# The Ubuntu Forum Community > Ubuntu Community Discussions > Mobile Technology Discussions >  Installing Ubuntu Touch (Daily) on (old) Android Phone

## Frimbleglim

Having followed instructions to run the developer prerelease of Ubuntu Touch on my HTC desire I'm eager to try the beta release too.  Can someone please answer the following question about the instructions here before I begin?  https://wiki.ubuntu.com/Touch/Install

When I perform step 4: 




> phablet-flash -b


this "bootstraps" the phone.  Will this delete the android HBoot Bootloader and so prevent me from using the recovery program?  

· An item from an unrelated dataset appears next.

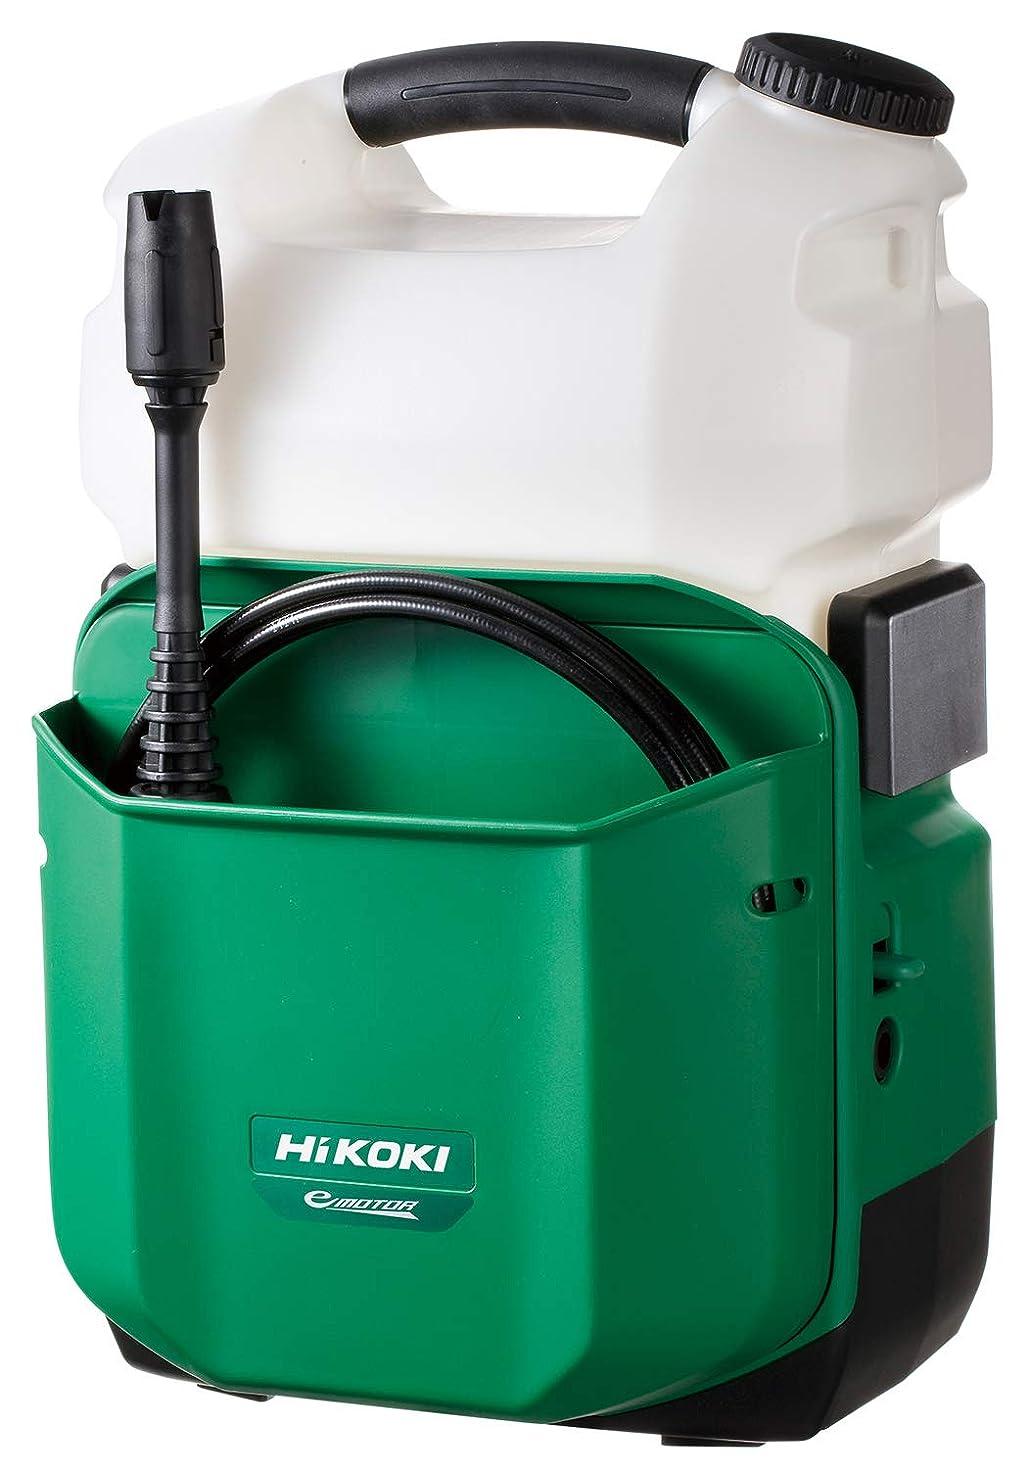 労苦硬いフォークHiKOKI(旧日立工機) 18V コードレス高圧洗浄機 充電式 容量8L タンク給水/水道接続/溜め水給水可能 蓄電池?充電器別売り 本体のみ AW18DBL(NN)

If it does how can I get it back afterwards?

----------


## Nr90

I don't think this'll work on the desire as there is no official image.
If you want to get the latest image running you'll have to look at:
https://wiki.ubuntu.com/Touch/Porting
However, this might be a bit advanced.


On restoring android, read the rest of that page:
https://wiki.ubuntu.com/Touch/Install#Restoring_Android

----------


## Frimbleglim

I was going to try the phablet version as that was the version of the developer preview that worked (albiet with the help of an evervolv zip).  That method of restoring android relys on you having the origenal propriety software.  I don't have this any more and nor am I interested in returning to it.  I just want to know if I will be able to run other custom ROMs.  

I suspect I could port the image to the device myself but it would take me a long time to follow through those instructions.  I may give it a try if no other option presents itself and if I decide I can afford to put my phone at risk.

Ed.  

I have now taken the risk and gone through every possible way of putting the lastest version of ubuntu touch on the phone short of directly porting it.  I think it's probably not worth my while trying to port the latest version but I will probably have a go once there is a stable version released.

----------